The Hub adds Intelligent Spider to their Monitoring Platform
The Hub has now added an intelligent spider to the platform which can turn unstructured and partially structured website information into structured data and create APIs and alerts when that data changes.
Content scraping on the internet can be a highly controversial topic. In some spheres such as search engines, content scraping is essential and in other spheres such as premium or copyright content, it is unwanted and or illegal.
Looking at the search engine use case alone, scraping is very much an essential and everyday part of the internet.
The Hub has now added an intelligent spider to their media monitoring platform which can turn unstructured and partially structured website information into structured data and the create apis and alerts when that data changes.
Investor Jonathan Anthony explains “There are areas under law within different countries, where it is allowable to scrape limited amounts of content.
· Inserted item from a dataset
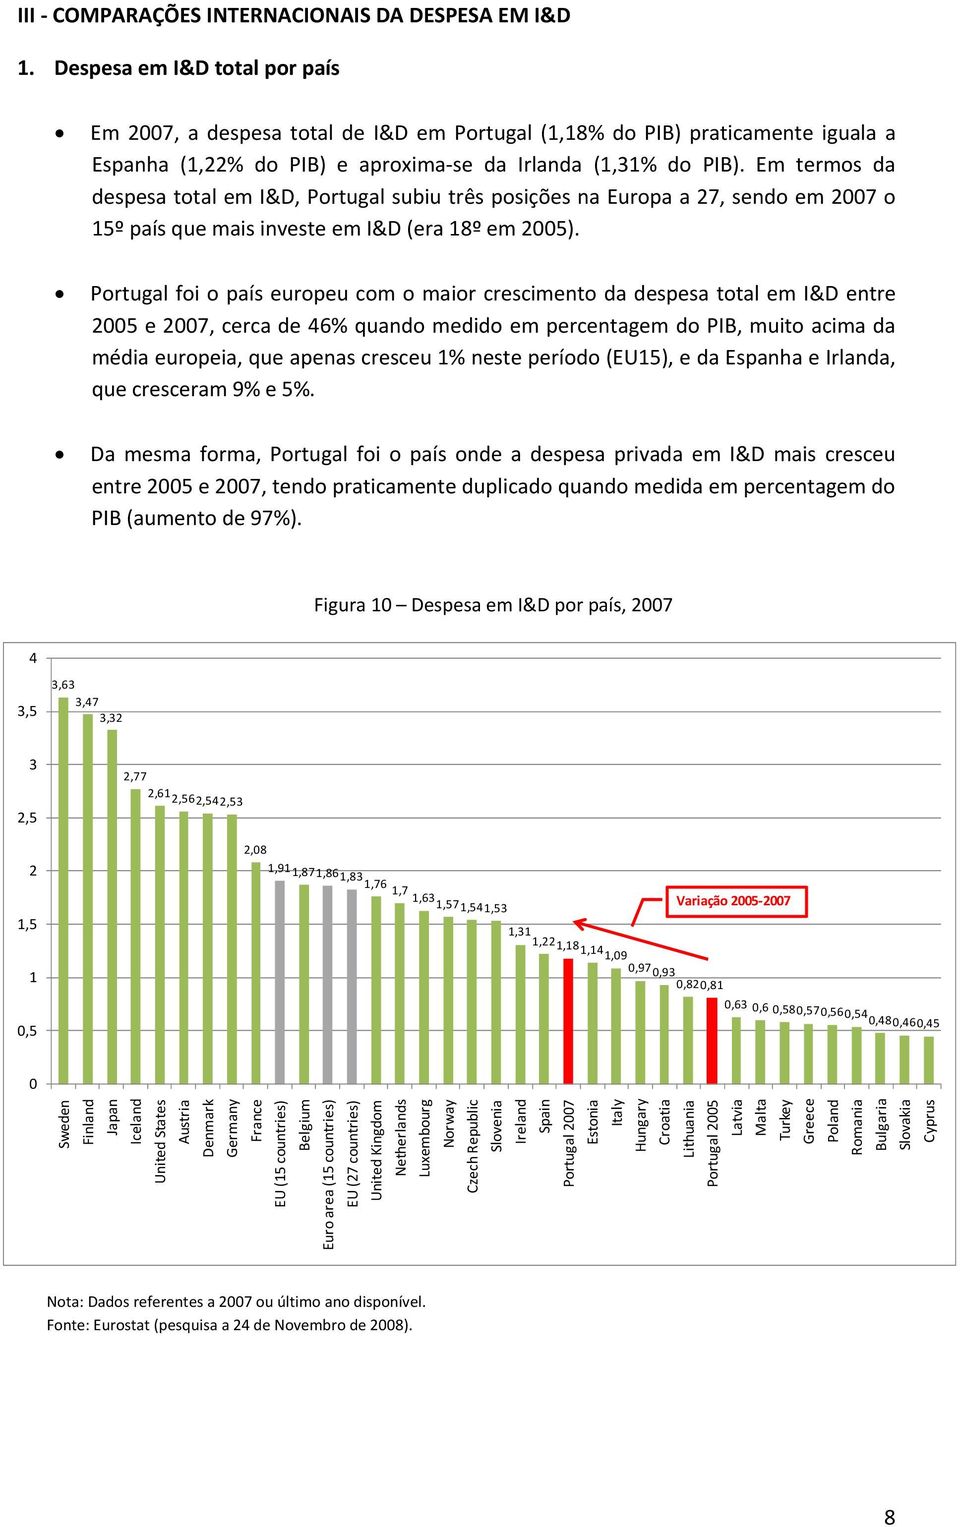 Em termos da despesa total em I&D, Portugal subiu três posições na Europa a 27, sendo em 2007 o 15º país que mais investe em I&D (era 18º em 2005).

For example under the fair use clauses for current affairs. There are also tranches of content that are intended for distribution and provided in RSS format such as press releases. Increasingly Government and Regulatory information is being distributed by websites, and it is not only desirable it is mandatory for organisations that fall under those rules and regulations to monitor and track those pages.”
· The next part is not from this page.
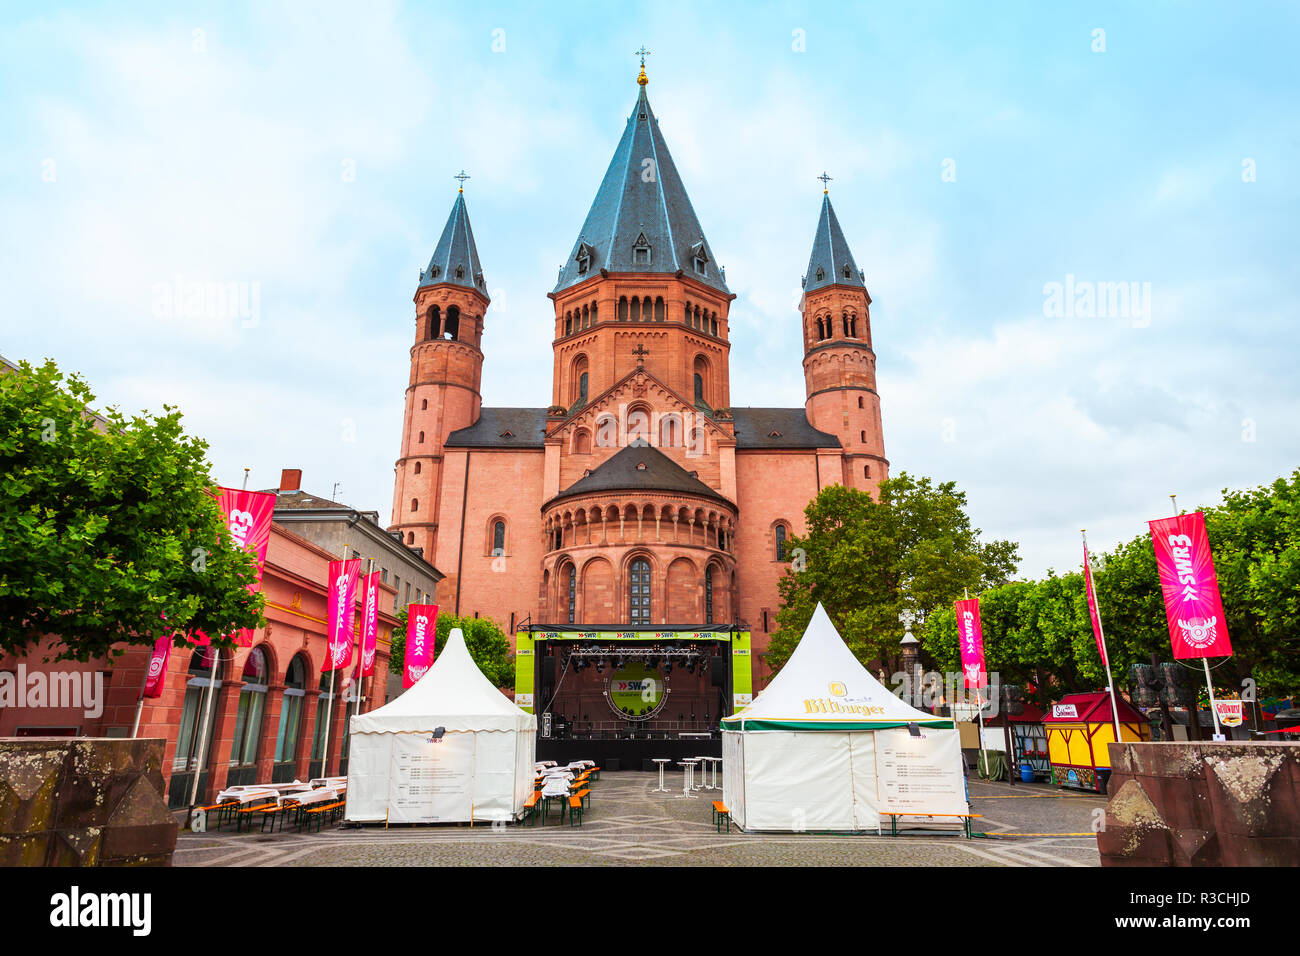 MAINZ, Germania - 25 giugno 2018: Cattedrale di Magonza si trova presso la piazza del mercato della città vecchia Foto Stock

In the face of requirements to monitor regulations, companies frequently build their own solutions, but these can be costly and complex to maintain. The Hub structured data monitoring also combines a site spider that can be set with rules to find all matching pages within a particular site. Once the platform has been setup, the structured data can then be consumed internally with an API, and any new pages or pages changes will be added to the API queue as they are discovered.
An API (application program interface) is a way of sharing data between two interfaces. APIs are built to work with data that change with respect to time. APIs can be built on top of websites that can monitor for changes and respond accordingly.
With The Hub, the goal is to simplify data extraction so that anyone can manage it. The APIs are set to be on continuous update, meaning the data remains fresh and reliable. Users can pull data from a website and put it on their hard drive, in the cloud or even in a mobile app for future use — all without writing a line of code.
Managing Director Mark Denn says, “We have always been fascinated by the concept of converting raw data into useful streams of information on top of which applications can be built. These will impact a wide range of industries ranging from finance to legal. We have achieved exactly that with The Hub.”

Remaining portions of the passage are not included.